Хрущев был снят. Три раза он присылал ко мне человека, который приносил от него извинения и просил приехать к нему на дачу. Я этого не сделал, не по трусости — трусить было нечего, на даче у него бывал Евтушенко, встречался он и с другими. Я не поехал просто потому, что не считал возможным дальше вести наши эстетические дискуссии. Я знал себя и Хрущева и знал, что этого не миновать. Но сейчас это было бесполезно, а кроме того, травмировать его уже в этот момент я не хотел. Таким образом, легенда о том, что я встречался с Хрущевым на его даче, лишена всякого основания, я ни разу с ним после его снятия не виделся.
Правда, Нина Петровна мне прислала выдержку из его будущих мемуаров, где Хрущев, как бы косвенно, извинился передо мной. Но должен сказать, что меня это извинение не удовлетворило. Дело в том, что и тут, может быть, по законам психологии, а, может быть, и по некоторому природному лукавству у Хрущева проскользнула нечестность, а именно он извинился передо мной за то, что он издевался над моей фамилией — велико дело, я этого даже и не заметил.
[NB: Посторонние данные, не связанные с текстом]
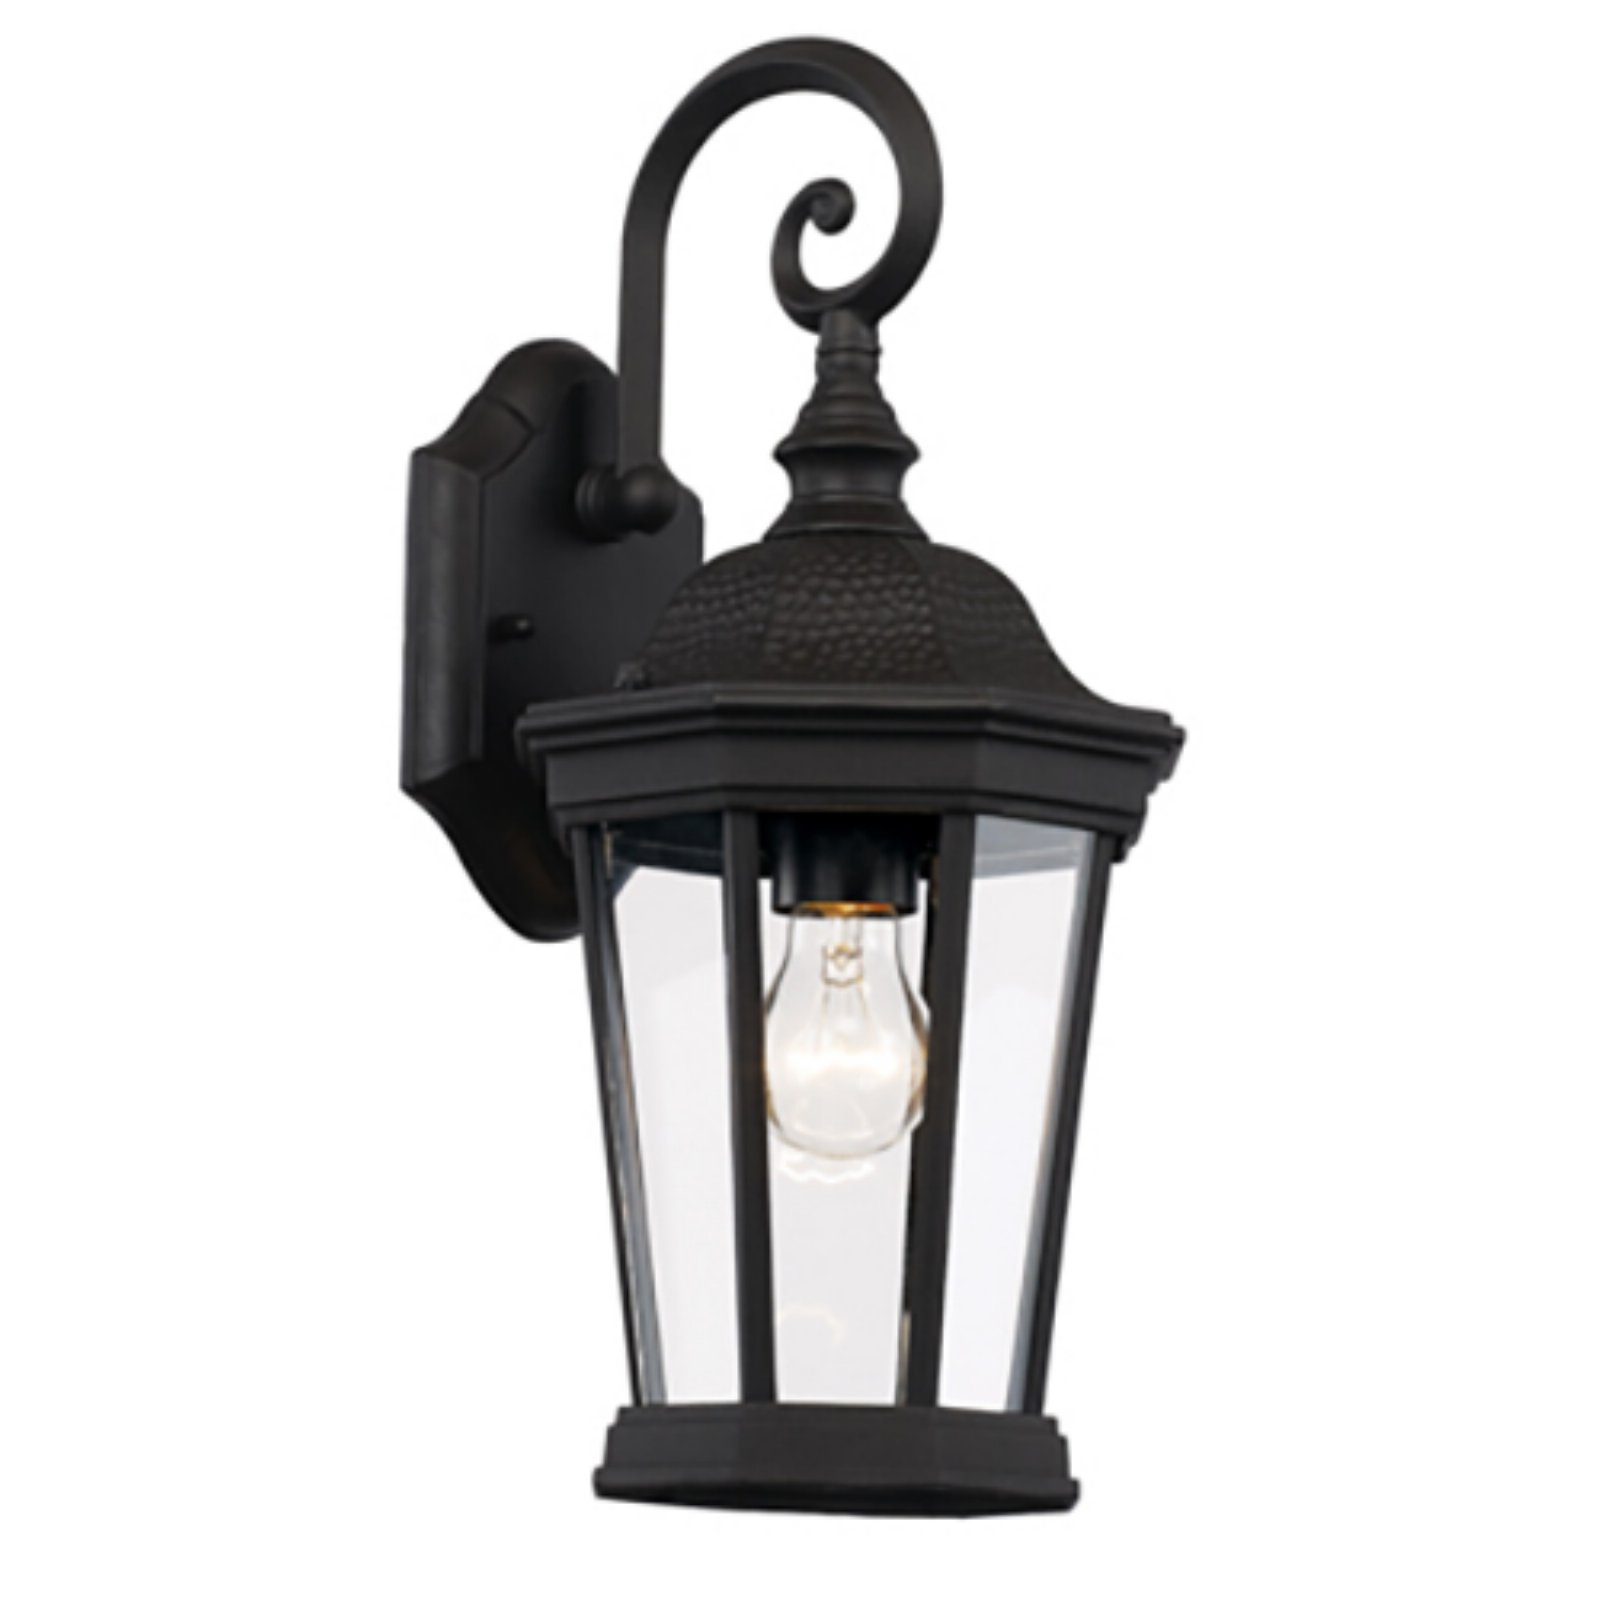 Trans Globe Lighting Westfield 40400 BK Outdoor Wall Lantern

Извиняться нужно было за другое!
В день, когда умер Хрущев — и тут начинается некая метафизика и даже мистика — о его смерти я узнал от таксиста — и в тот момент, когда он мне об этом сказал, меня пронзила мысль, что мне придется делать надгробие. Как она возникла, я не знаю, но это факт.
После похорон Хрущева ко мне приехало два человека — это были сын Хрущева Сергей, с которым я до этого не был знаком, и сын Микояна, тоже Сергей, с которым я дружил и который меня поддерживал в самые тяжелые минуты.
Меня несколько раз избивали, один раз даже избили до потери сознания, и очнулся я в квартире бывшего посла Меньшикова, где узнал, что меня подобрали Микояны. Сыновья Микояна приезжали в минуты моих самых острейших разногласий с Хрущевым. Так вот, они вошли, осмотрелись и долго мялись. Я сказал: «Я знаю, зачем вы пришли, говорите!» Они сказали: «Да, вы догадались, мы хотим поручить вам сделать надгробие». Я сказал: «Хорошо, я соглашаюсь, но только ставлю условием, что я буду делать, как считаю нужным». На что Сергей Хрущев ответил: «Это естественно».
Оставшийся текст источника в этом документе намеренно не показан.